WHEN Melbourne runs out on to Optus Stadium for its preliminary final clash against West Coast, two talismanic figures will be at the forefront of the long-suffering supporters' thoughts.
One of those – Nathan Jones – will be out on the turf, leading his Demons in pursuit of their first Grand Final berth in 18 years.
The other is Jim Stynes, the beloved champion player and administrator without whom the club might have ceased to exist 10 years ago.
Jones, 30, will equal Stynes' 264 career games on Saturday, a tally that ranks fourth behind David Neitz (306), Robbie Flower (272) and Adem Yze (271) on Melbourne's all-time list.
Stynes lost his battle with cancer six years ago but his legacy remains a core part of the club's story, and never more appreciated than in this week, when Melbourne returns to the preliminary finals.
It was a stage the ruckman graced four times in his 12-season career and one Irish AFL fan last week ensured that Jimmy's memory would be suitably honoured as the Demons rose again.
Gary Brady drove up to the Wicklow Mountains to the memorial that marks where Stynes' ashes were scattered and draped a Melbourne scarf over the headstone.
@melbournefc @AFL Just took the drive up to the great man's headstone here in the Dublin mountains to give him a scarf for the week ahead. #Raisehell #AFLFinals Let's get the up here! pic.twitter.com/Fd3e54aesQ
— Gary Brady (@bradygaz) September 16, 2018
The rugged, windblown terrain near Stynes' family home outside Dublin was the stage where the newly anointed Brownlow medallist vowed to find his physical and mental limits in late 1991.
As he recalled in his autobiography, My Journey, he used a run of more than 20km through the unforgiving mountain range to test himself.
"There were very few telegraph poles up there, just the old road ahead, surrounded by coarse beds of heather and wiry sedge, with the odd glimpse of limestone," Stynes wrote.
"My goal was no longer a telegraph pole or a signpost on the horizon; it was a gorse shrub twenty metres ahead.
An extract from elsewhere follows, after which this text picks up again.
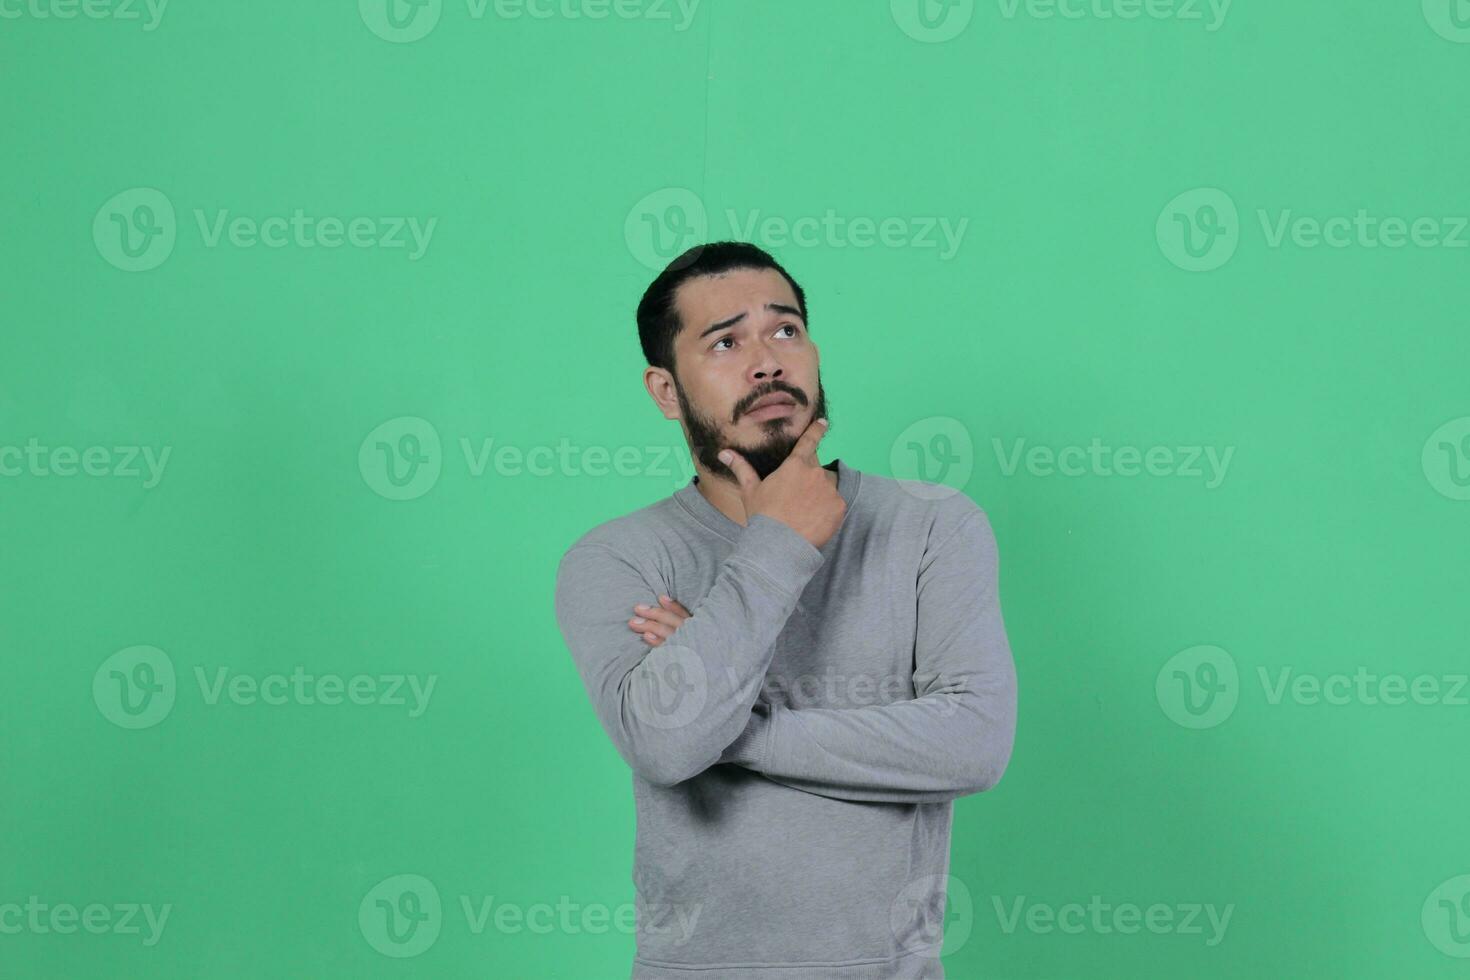 bärtig asiatisch Mann posiert tragen ein grau Hemd gegen ein Grün Hintergrund foto
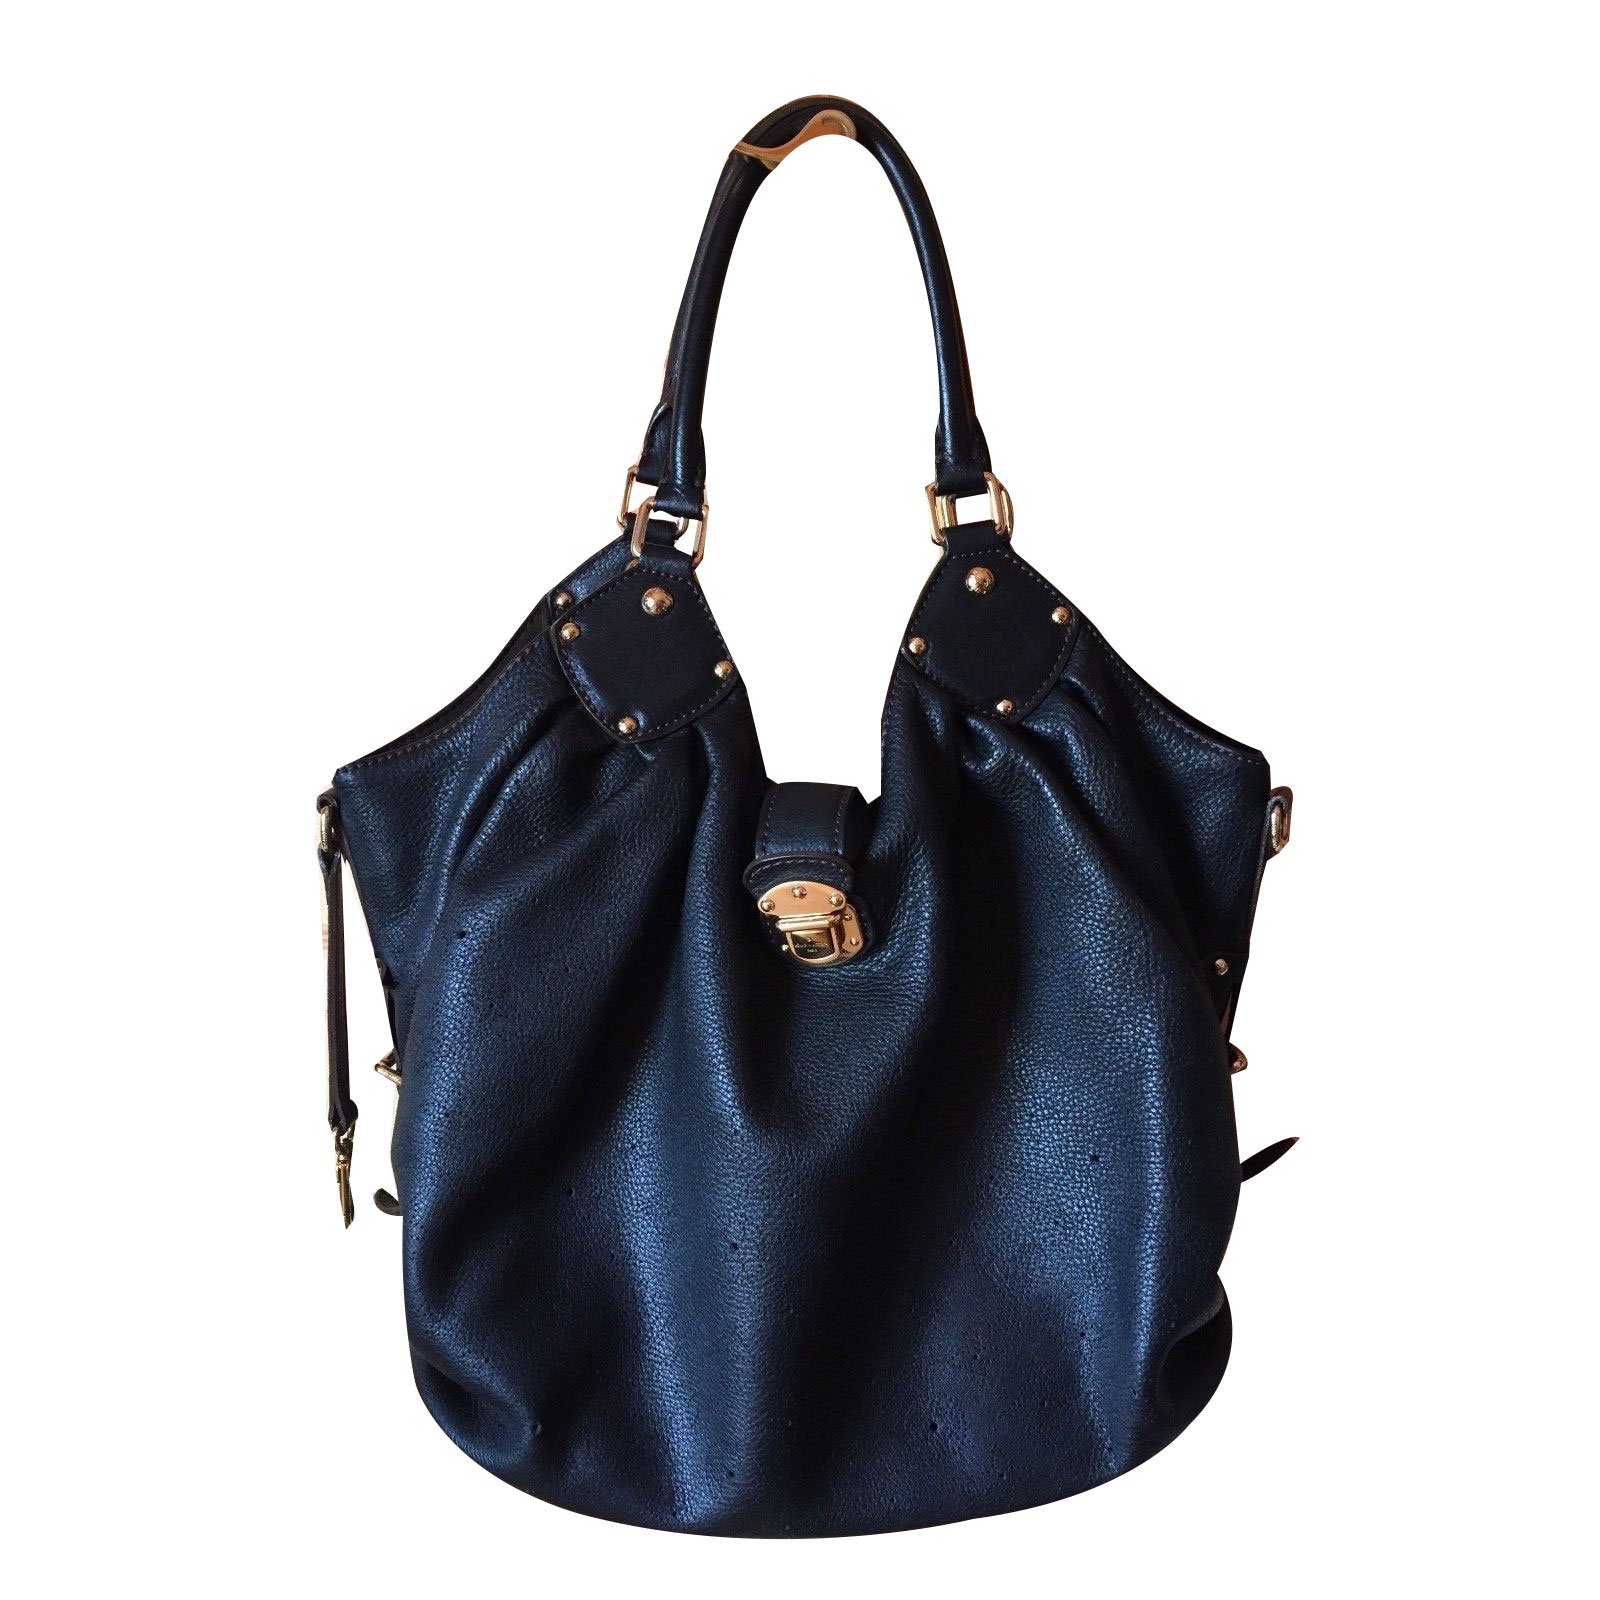 BLACK LOUIS VUITTON XL MAHINA BAG PURSE Handbag. Excellent Condition

Then, realising again that my body was hurting, I would focus my mind on the next little target, the next small shrub or rock by the roadside.
"Tricking the mind, maintaining the surrender. When you're confronted by any overwhelming challenge, it can be broken down into small triumphs like that."
In many respects, Stynes and Jones couldn't be more different.
The courageous, athletic Gaelic football star trying his hand at a foreign sport in an entirely new country and succeeding despite seemingly insurmountable odds.
Jones, the prodigiously talented junior sportsman whose appetite for the contest propelled him into the first round of the NAB AFL Draft in 2006, among contemporaries that included Scott Pendlebury and West Coast's Josh Kennedy.
Jim Stynes came from Ireland and became a legend of Australian football. Picture: AFL Photos
At 199cm, the lean, lithe Stynes dwarfed Jones' power-packed 180cm frame.
But not his heart.
The pair of Demon greats have endeared themselves to the red and blue faithful with their lion-hearted efforts under duress.
Both won multiple best and fairests in years that the club struggled, while Jones ascended to the captaincy in the wake of Melbourne's worst season in recent memory, the 2013 horror show, and helped incoming coach Paul Roos rebuild a shattered club.
It’s a club that might not have existed at all had Stynes not already shouldered his own enormous burden by assuming the presidency in 2008, when crippling debt, a crisis of leadership and plummeting form threatened Melbourne's existence.
Like Stynes' gruelling mountain runs, the Demons' resurrection under Jones' leadership can be aptly described as a series of small triumphs, gradually snowballing into something greater.
First, winning the first game of the season. Then winning two games in a row.
Ending a series of long-time hoodoos, like triumphing at Etihad Stadium. Then beating St Kilda, North Melbourne and Hawthorn.
Reaching the finals after the heartbreak of 2017. Winning one, beating the Cats for the first time in three attempts. Then knocking off the Hawks in front of a second successive 90,000-plus crowd at the MCG.
This is what Jones hoped for when he turned down the chance to join rival clubs in pursuit of success, a choice that many of his former teammates understandably made.
It's what Stynes dreamed of when he assumed the presidency more than 10 years ago, with the club on its knees.
So when the Demons stride out to face the Eagles in hostile territory on Saturday afternoon, Melbourne diehards will cheer on their captain, while thinking of a windswept outcrop adorned in red and blue almost 15,000km away, and offer their heartfelt thanks to both.